TASK OBJECTIVE
Your answer must be the full listing, reproduced exactly, minus any pictures.

THE DATA
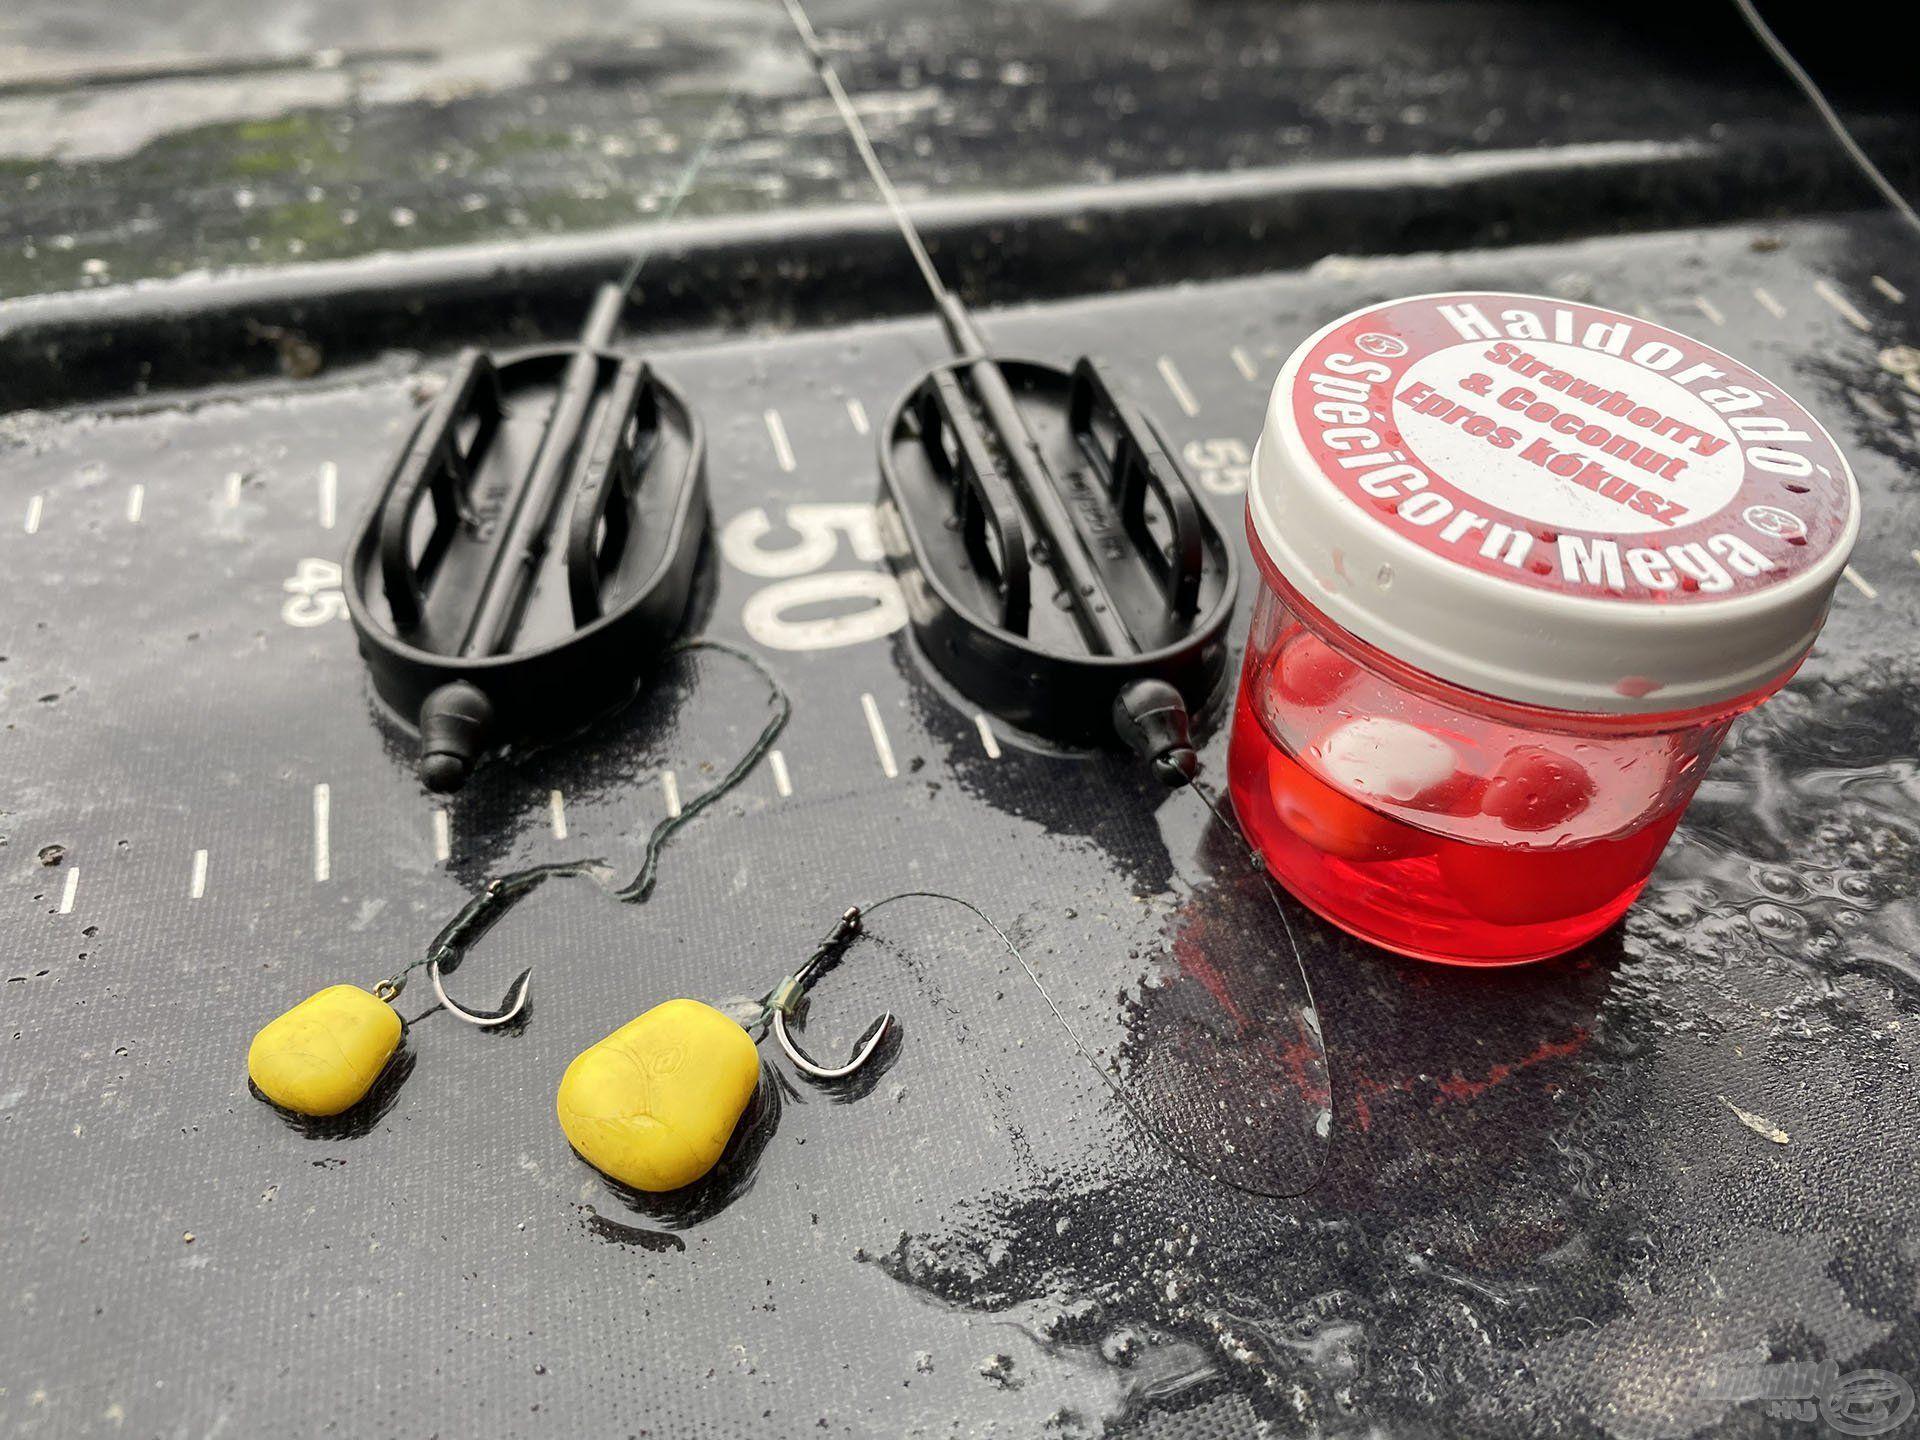 Kezdetben elegendő volt a kisebb gumikukorica, de amikor már ezt is felvették a nemkívánatos halak, jött a Mega méret
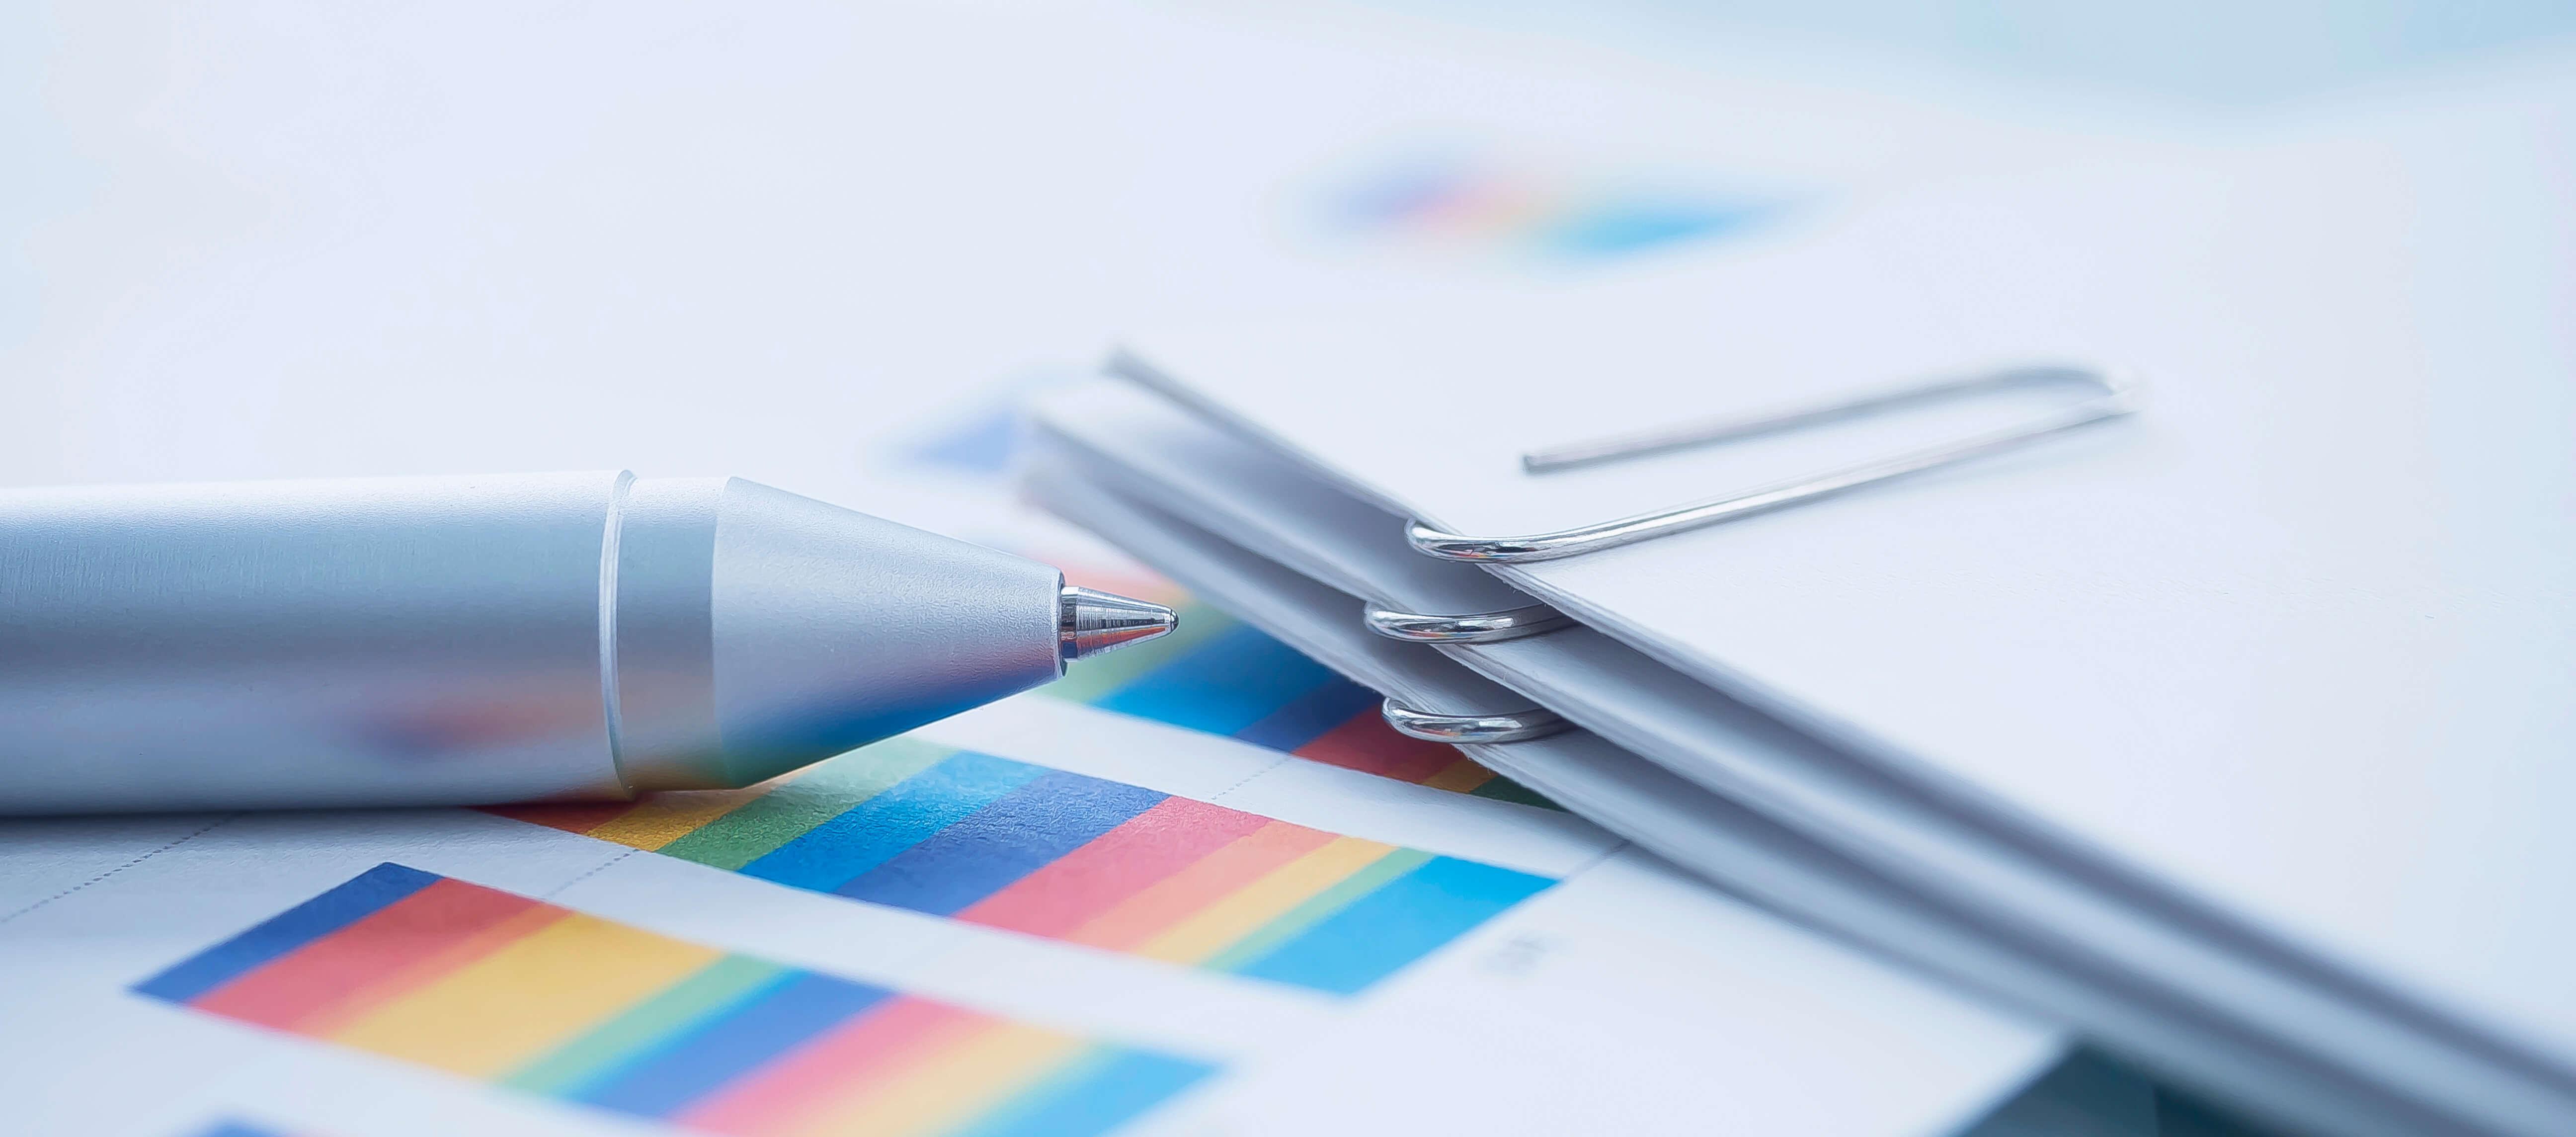 細分化された数値が刻み込まれていた紙
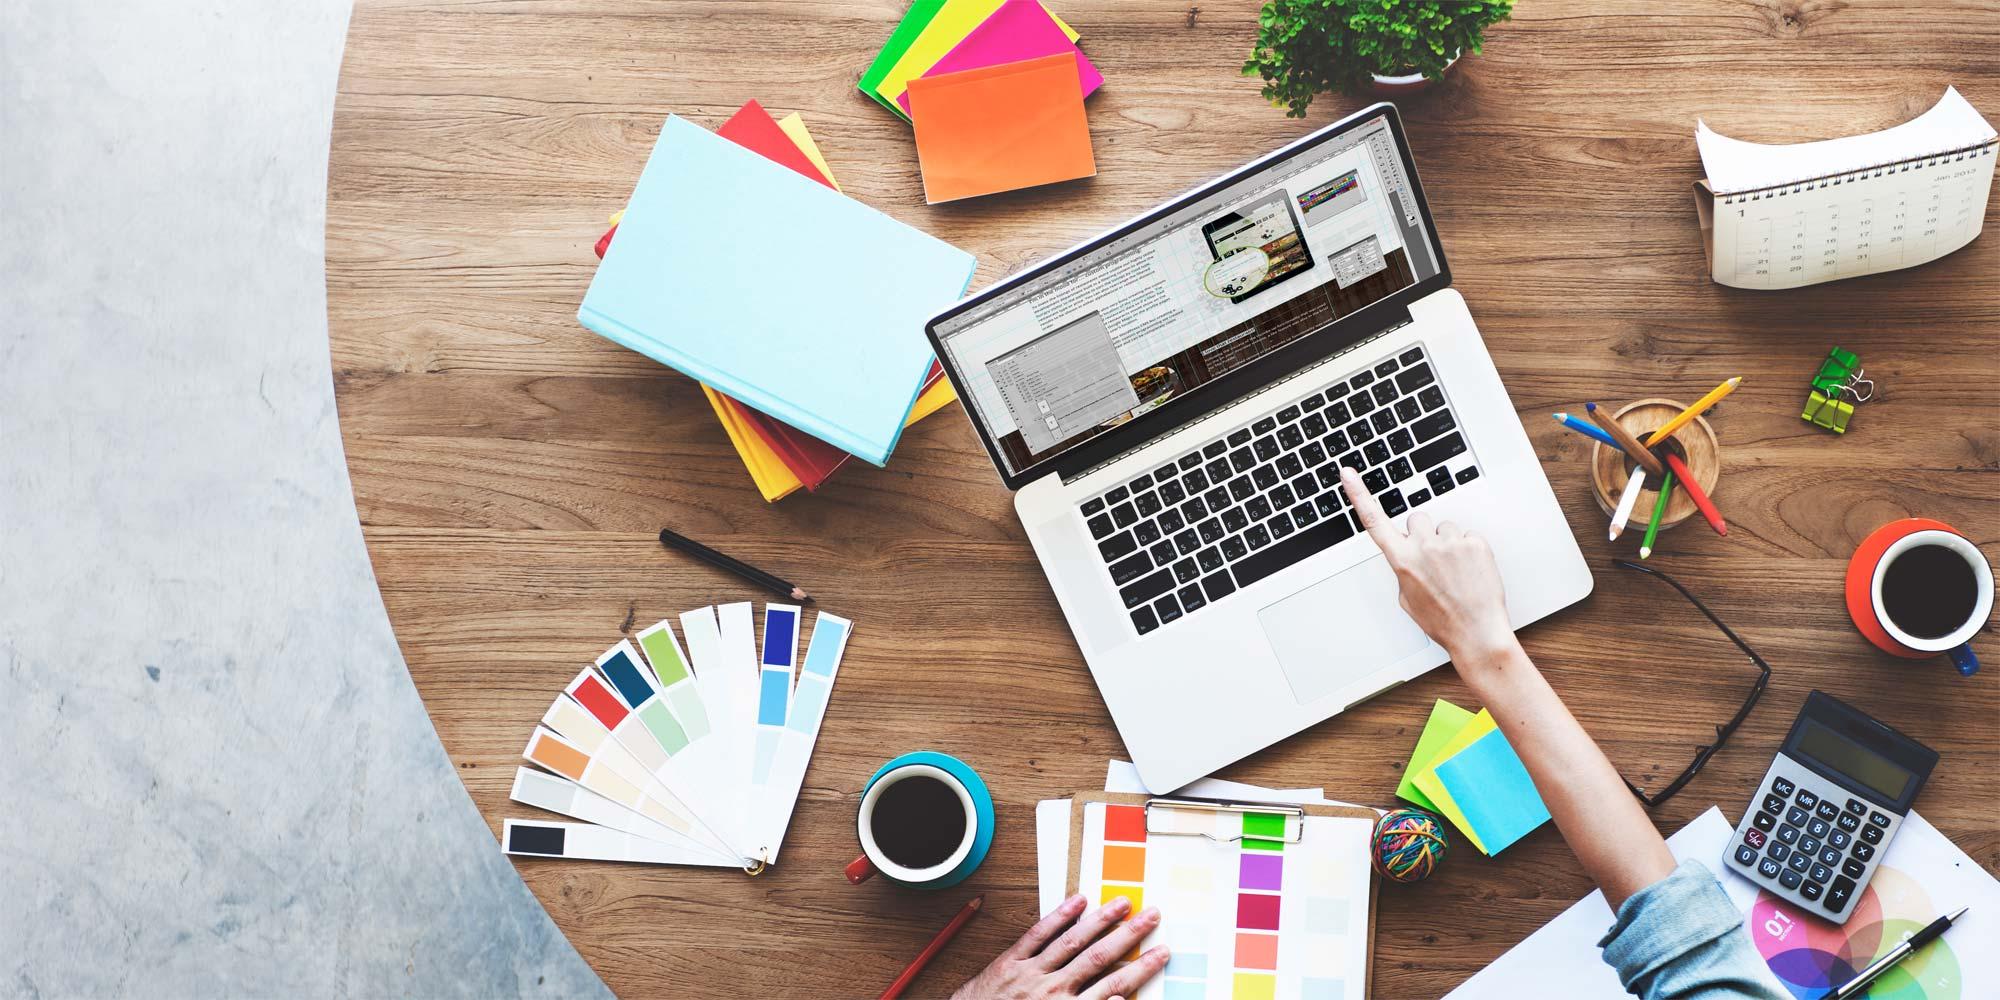 Khóa học thiết kế web tại Bình Dương 4

EXPECTED OUTPUT
 Kezdetben elegendő volt a kisebb gumikukorica, de amikor már ezt is felvették a nemkívánatos halak, jött a Mega méret
 細分化された数値が刻み込まれていた紙
 Khóa học thiết kế web tại Bình Dương 4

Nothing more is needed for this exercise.